- **Data extract**

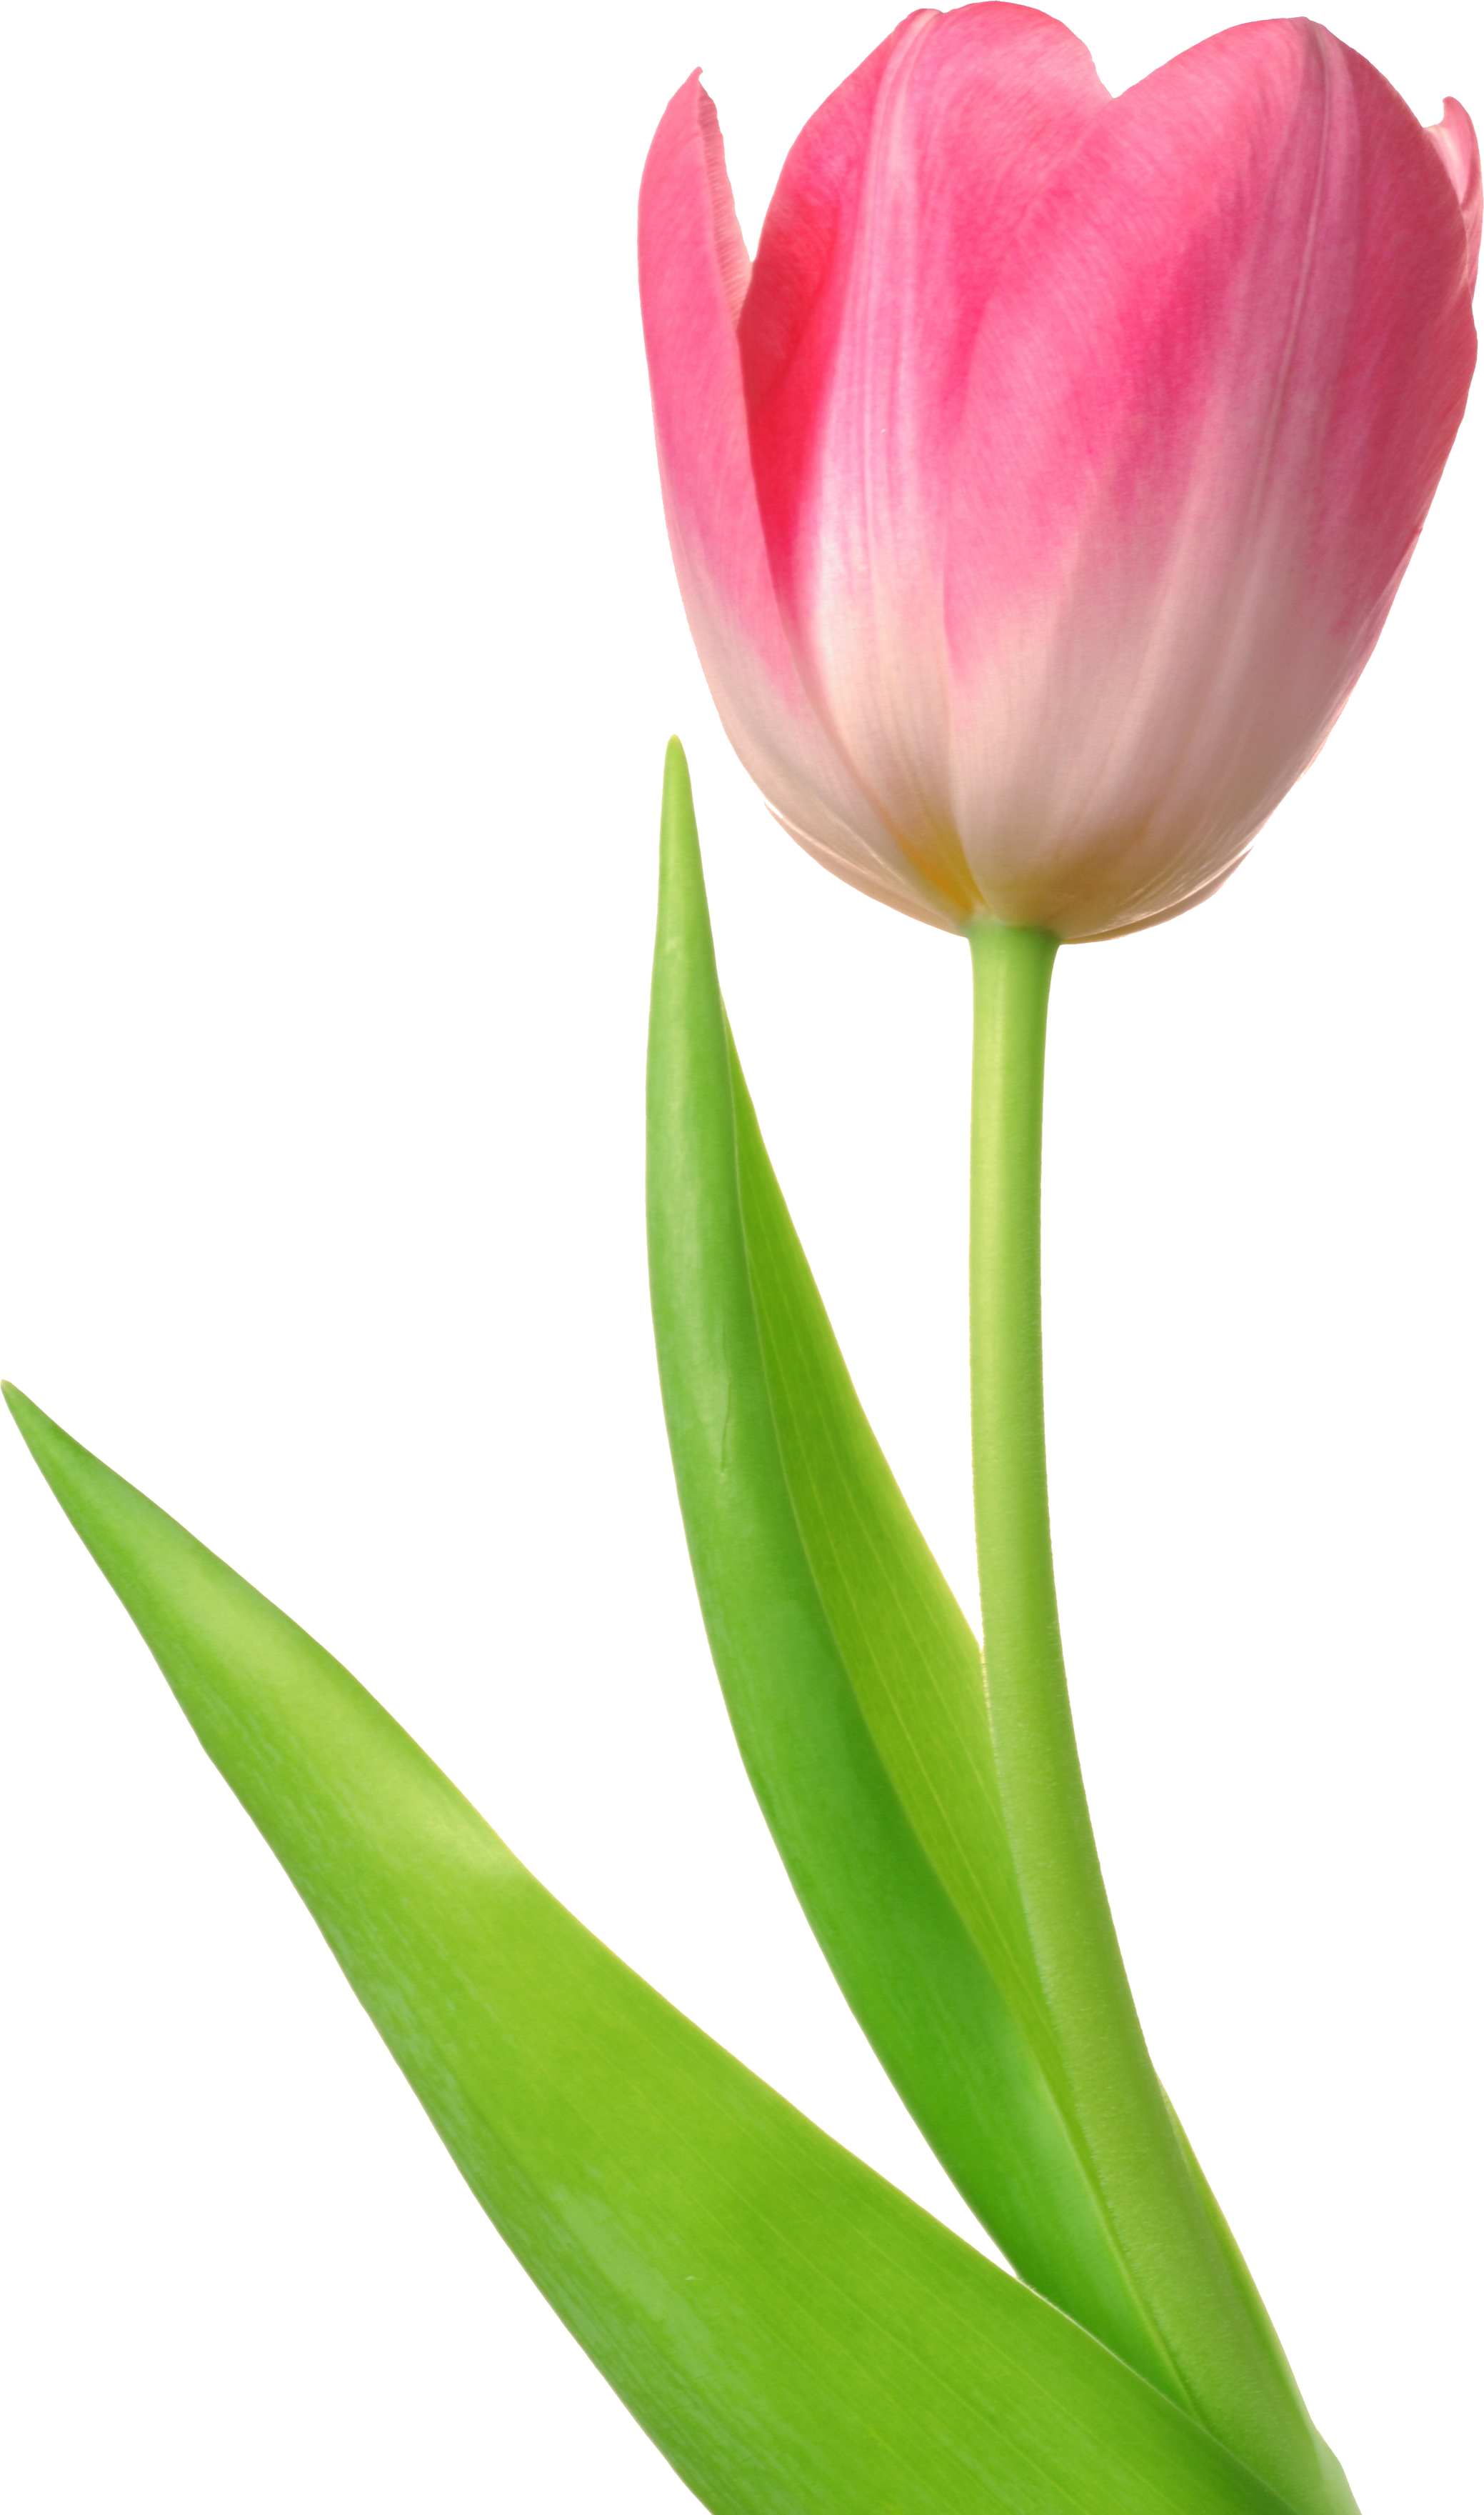 Tulip Png Image - Tulips, Transparent background PNG HD thumbnail
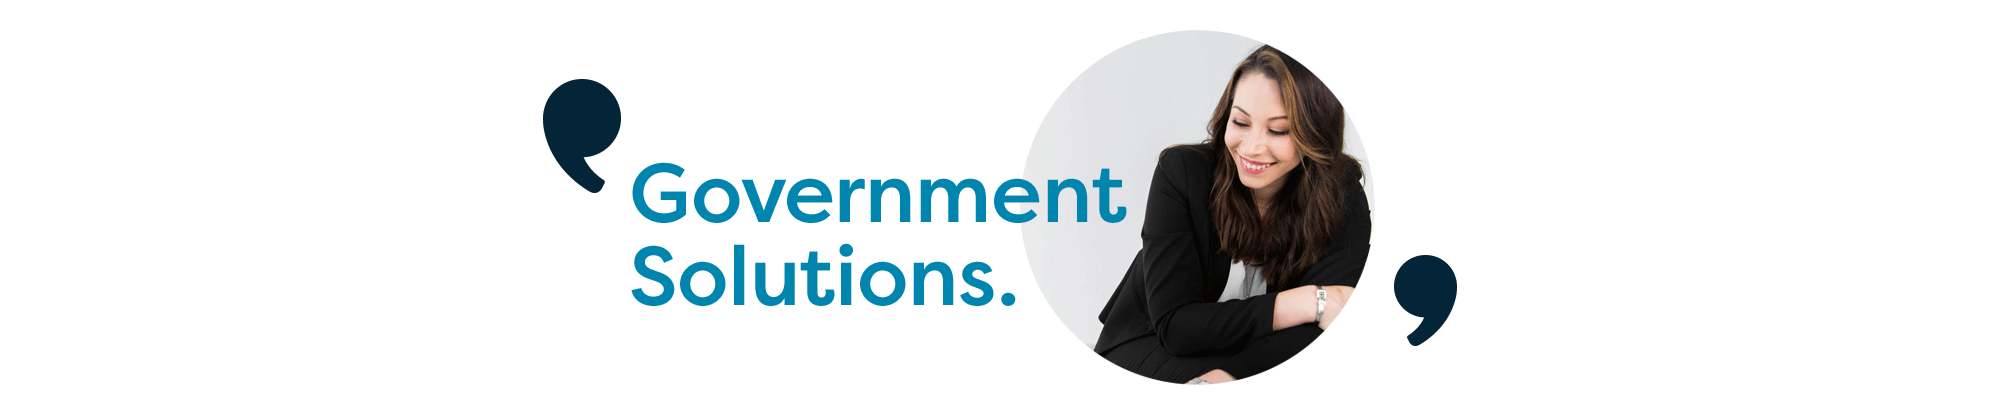 janine-marin-government-solutions-banner
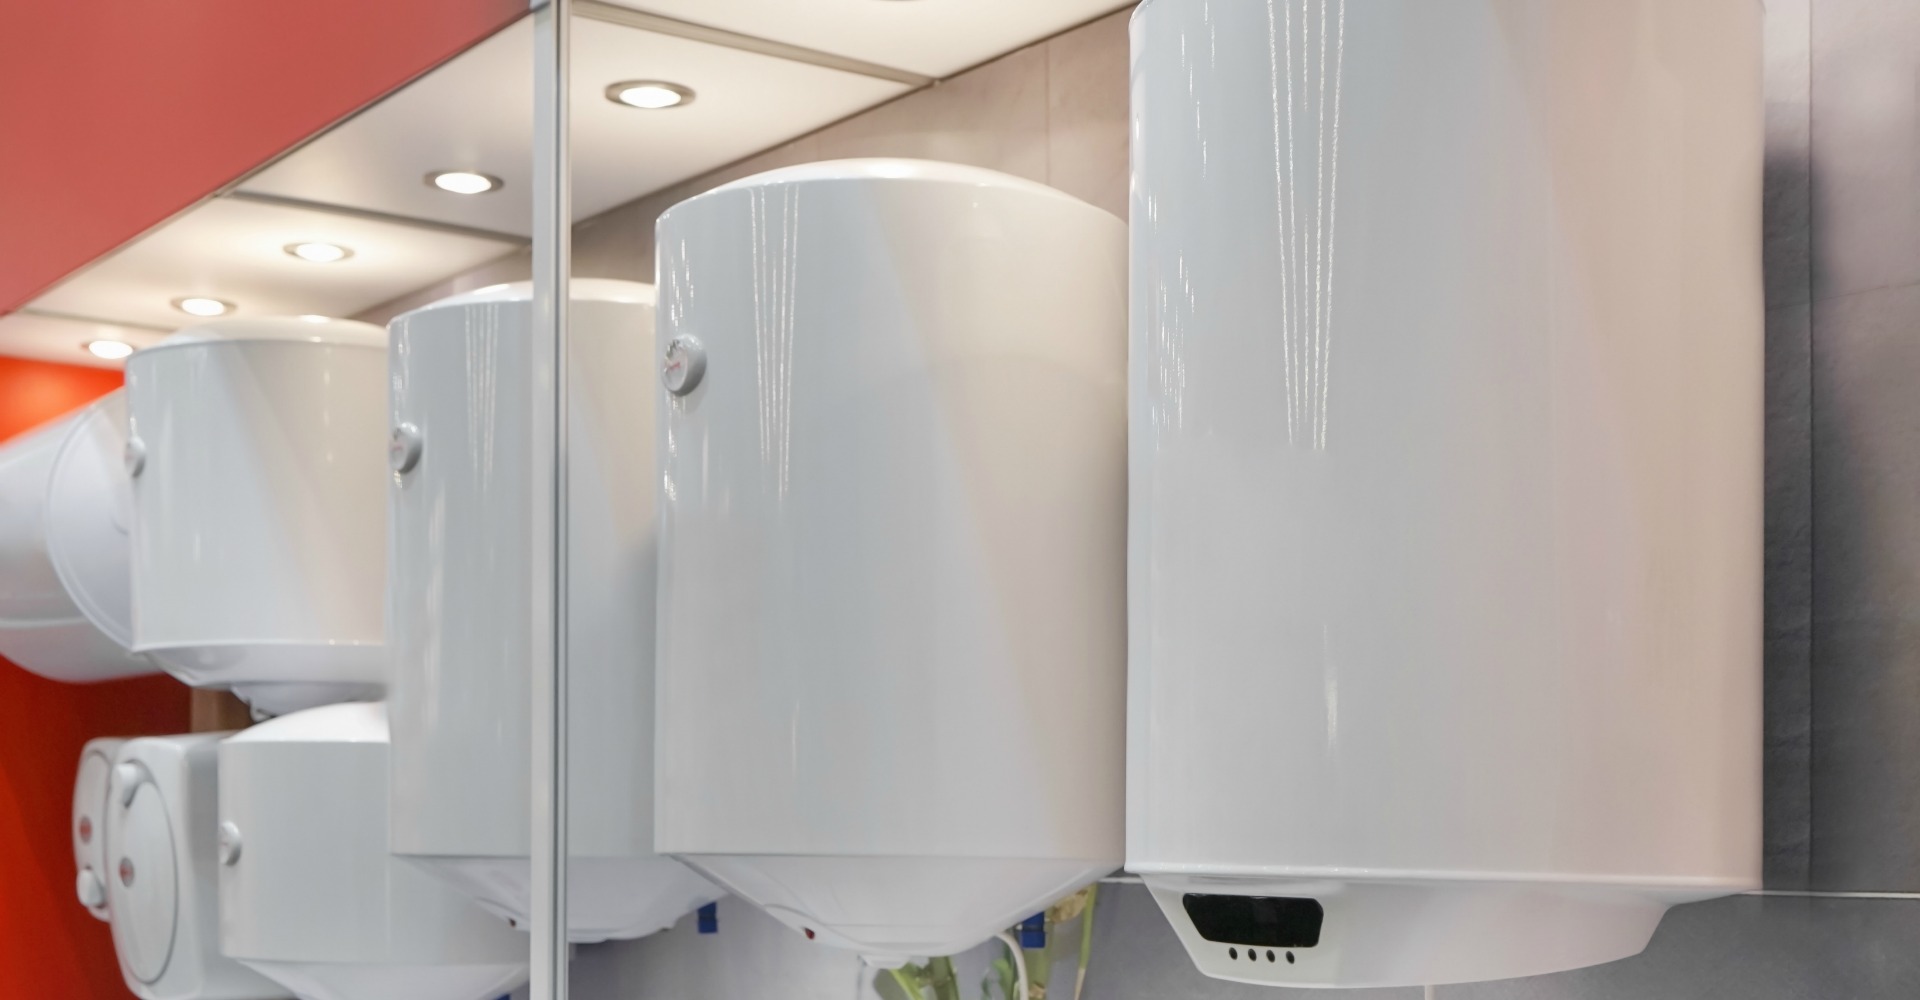 water-heaters Water Heaters- Which Type Is the Right One for Your Home?

- **Work request**
Would you print all of the material exactly as written, minus the pictures?

- **Result for this task**
 Tulip Png Image - Tulips, Transparent background PNG HD thumbnail
 janine-marin-government-solutions-banner
 water-heaters Water Heaters- Which Type Is the Right One for Your Home?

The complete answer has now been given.